上級者が「戦略性があって面白い」と評したコースは、100打前後の初中級者には「難しすぎて楽しめなかった」コースと同一だ。口コミの質より、誰が書いたかが問題である。

服装・設備を直前まで確認しない

ドレスコード(ジーンズ不可、ポロシャツ必須など)、更衣室のロッカー数、キャディバッグの貸し出し可否——これらは当日に発覚すると対処が間に合わない。予約前に1度確認するだけで解消できる問題だ。

ゴルフ会員権で後悔しない選び方の判断基準でも示されているが、コースを選ぶ精度は「使う頻度が高い判断軸から先に決める」かどうかで決まる。

予約前に入れると変化が出る確認ポイント

スロープレートで難易度を事前に把握した

Before:評価4.0以上をじゃらんゴルフで検索。写真と価格で決める。ラウンド当日、後半で大きく崩れる。

After:JGA公式サイトかGDOでスロープレートを確認。113との差で難易度を判断。自分のスコア帯に合うコースを予約する。

スロープレートが115以下のコースを選べば、初回のコースでも「難しすぎて楽しめなかった」を避けやすい。初心者・初中級者がコースを選ぶ際に優先して見るべき設計条件がある。

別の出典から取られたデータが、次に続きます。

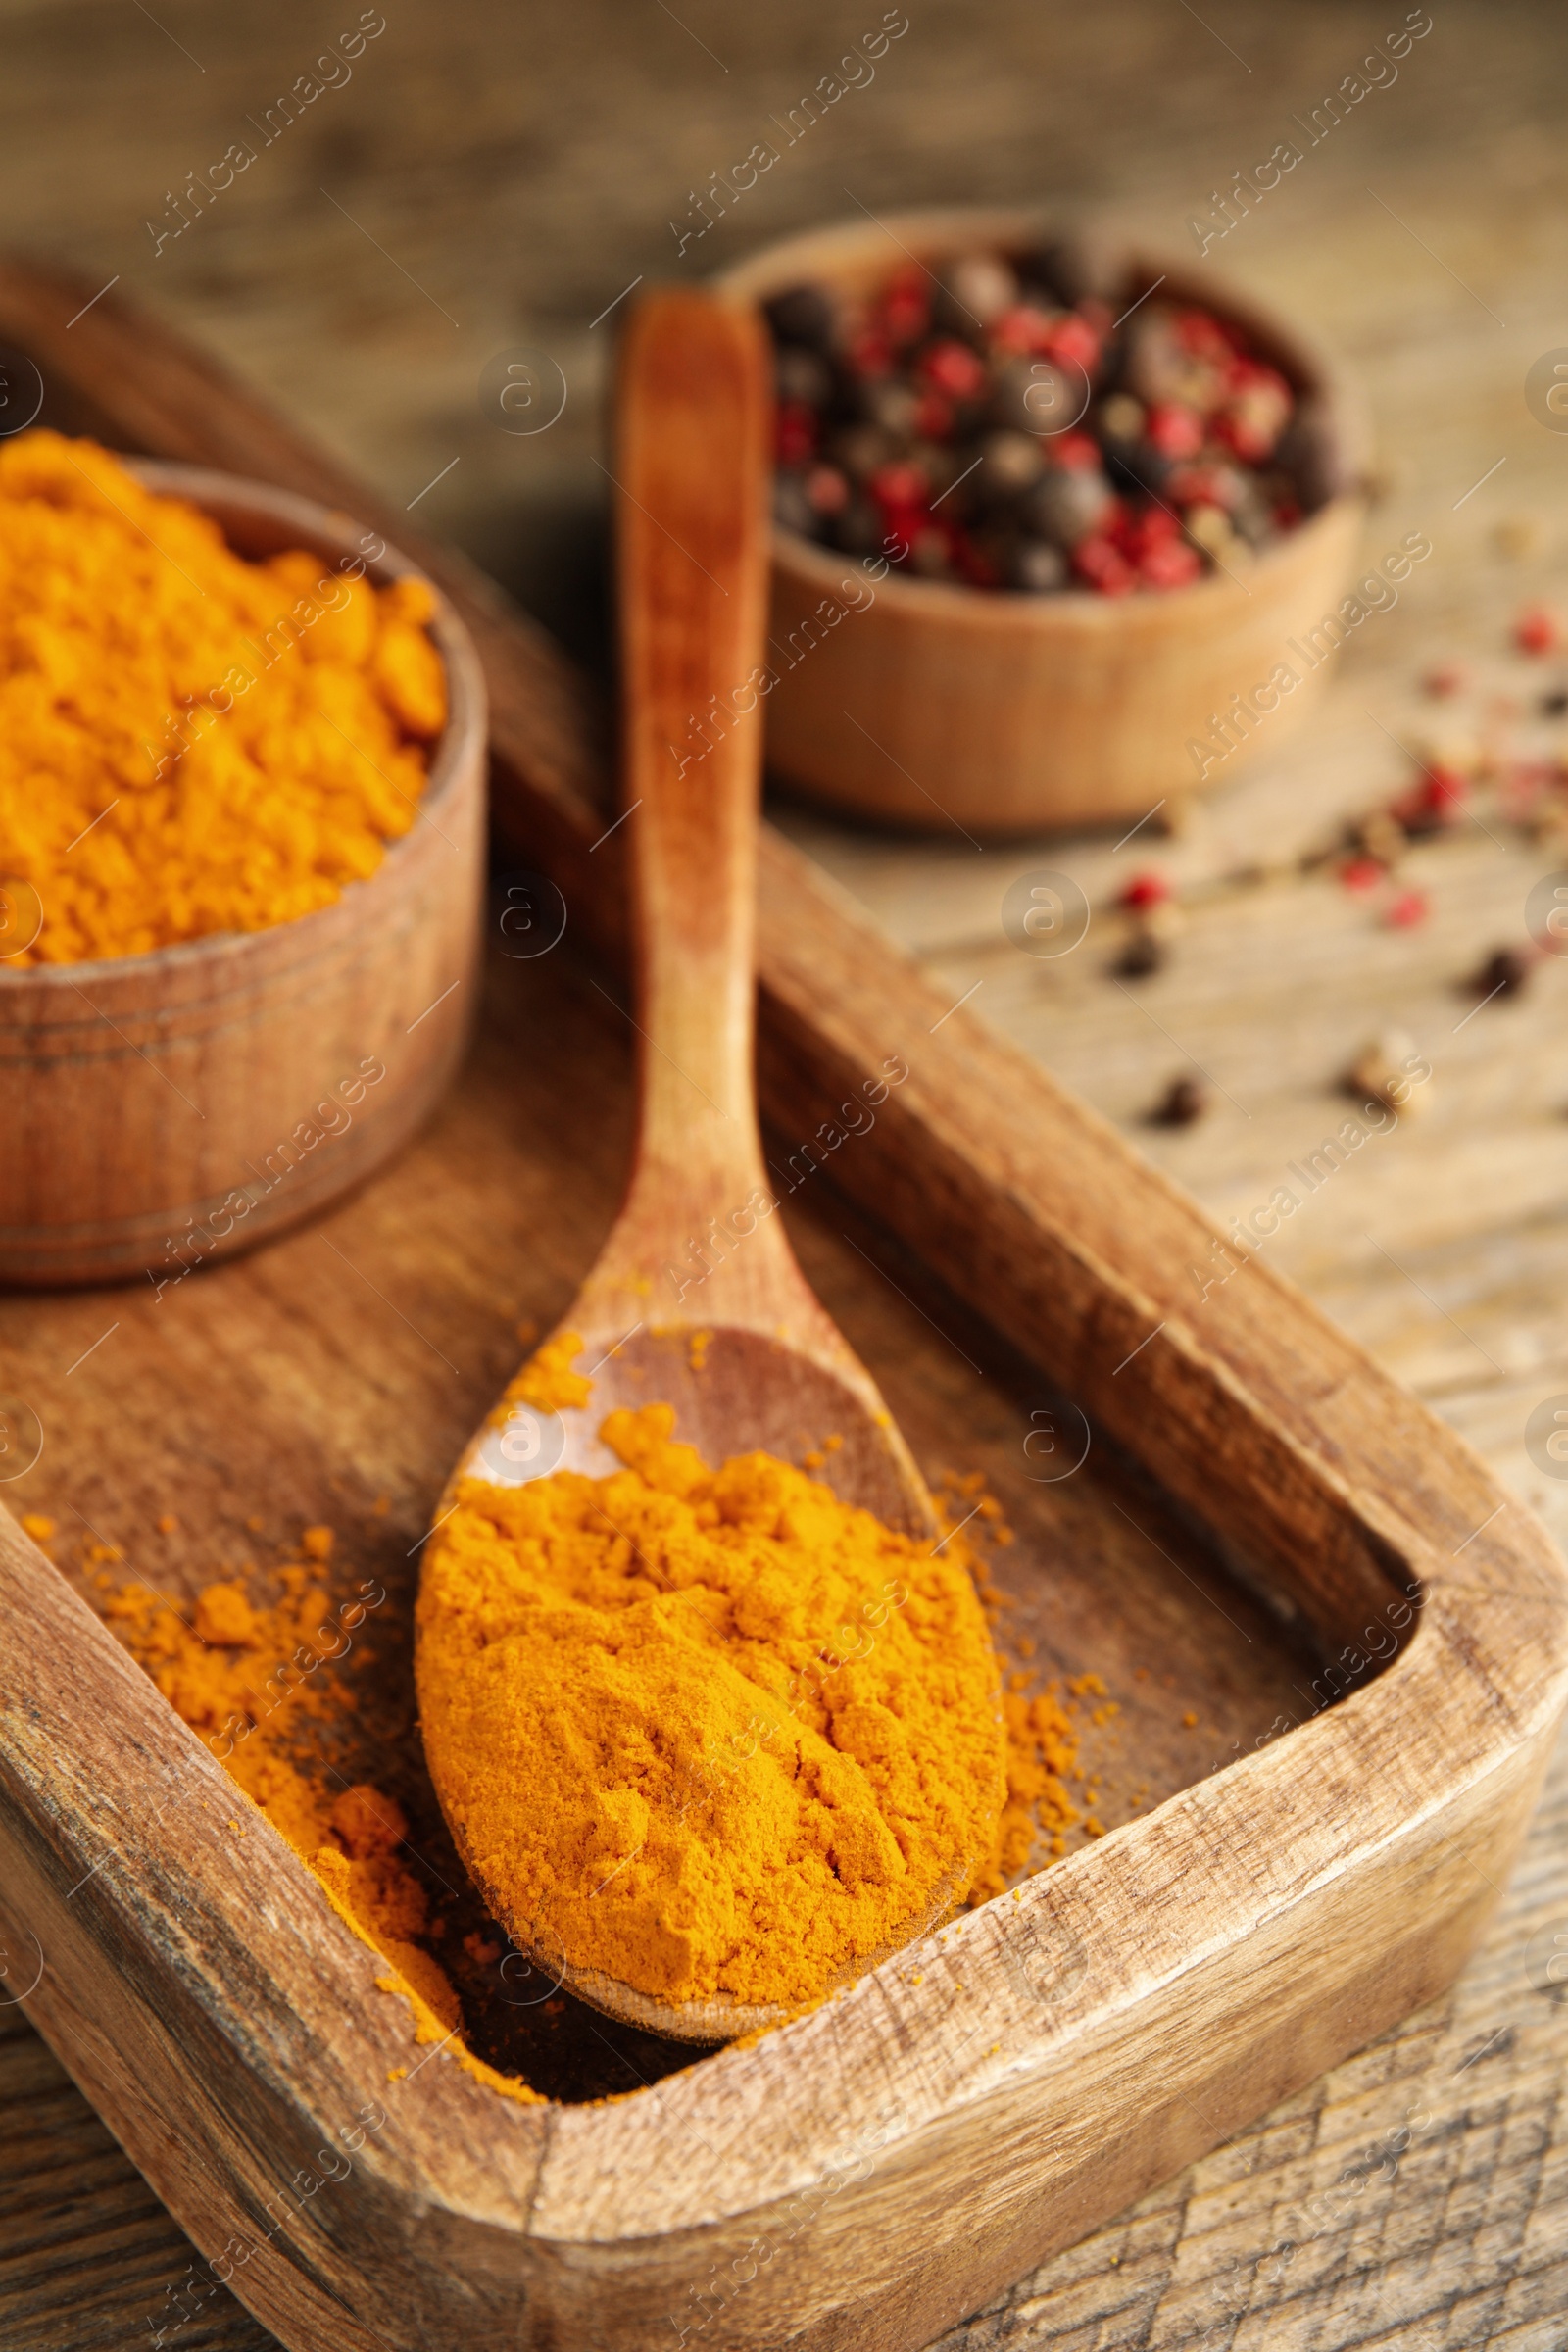 Photo of Spoon and bowl with saffron powder on wooden table
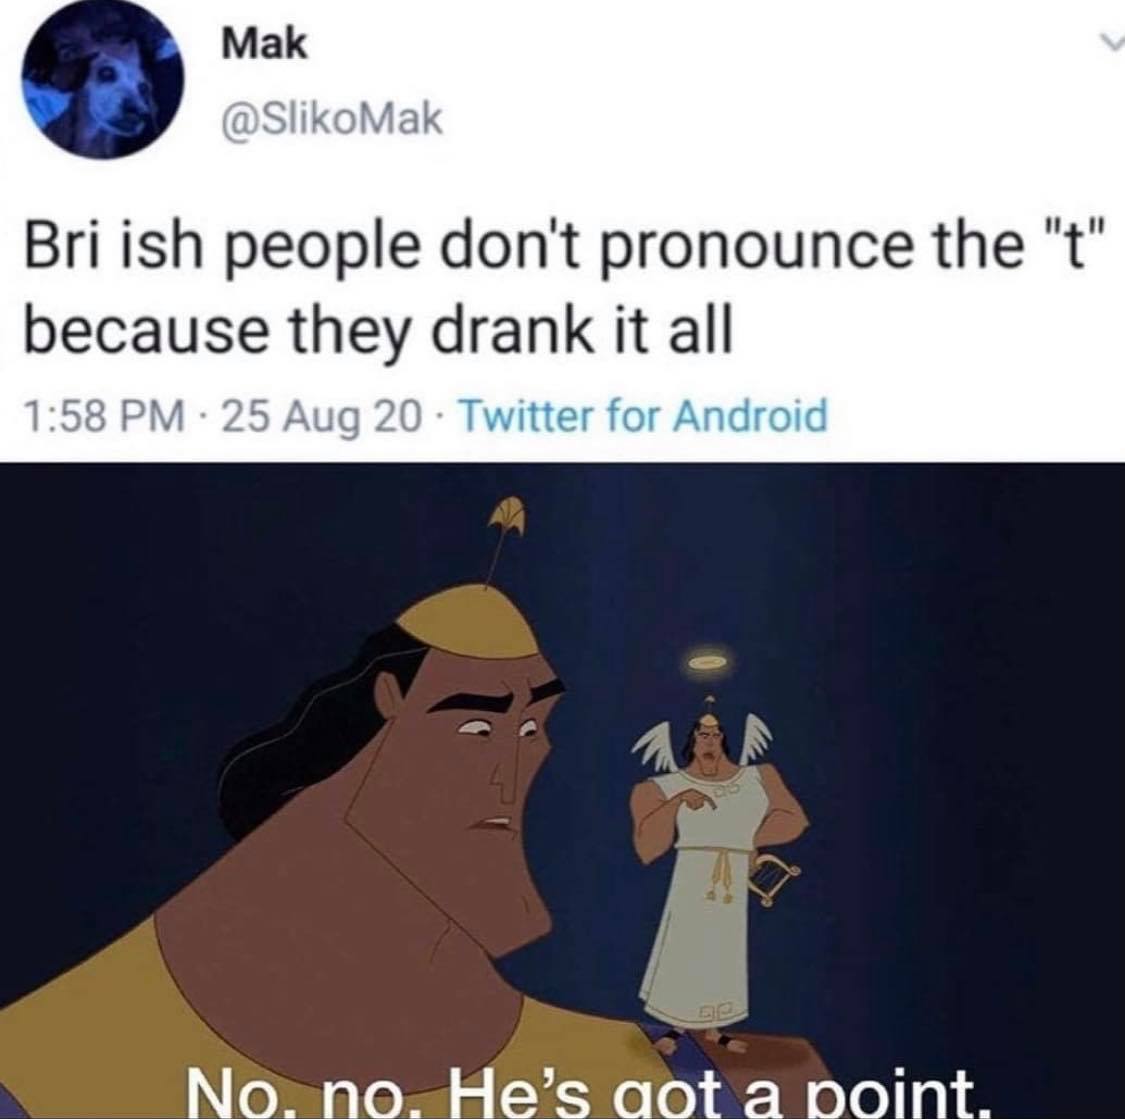 bri ish people dont pronounce the t - Mak Bri ish people don't pronounce the "t" because they drank it all 25 Aug 20 Twitter for Android No, no. He's got a point.

  • アップダウンが少ない(カートの乗り降りが多い丘陵コースは後半に体力を奪う)
  • グリーン周りのバンカーが少ない(バンカーから出られず大叩きするリスクを下げる)
  • グリーンが広くフラットな設計(スティンプ速度9フィート以下が目安)

この判断を予約前に1回入れるだけで、ラウンド後の「思っていたのと違う」は大幅に減る。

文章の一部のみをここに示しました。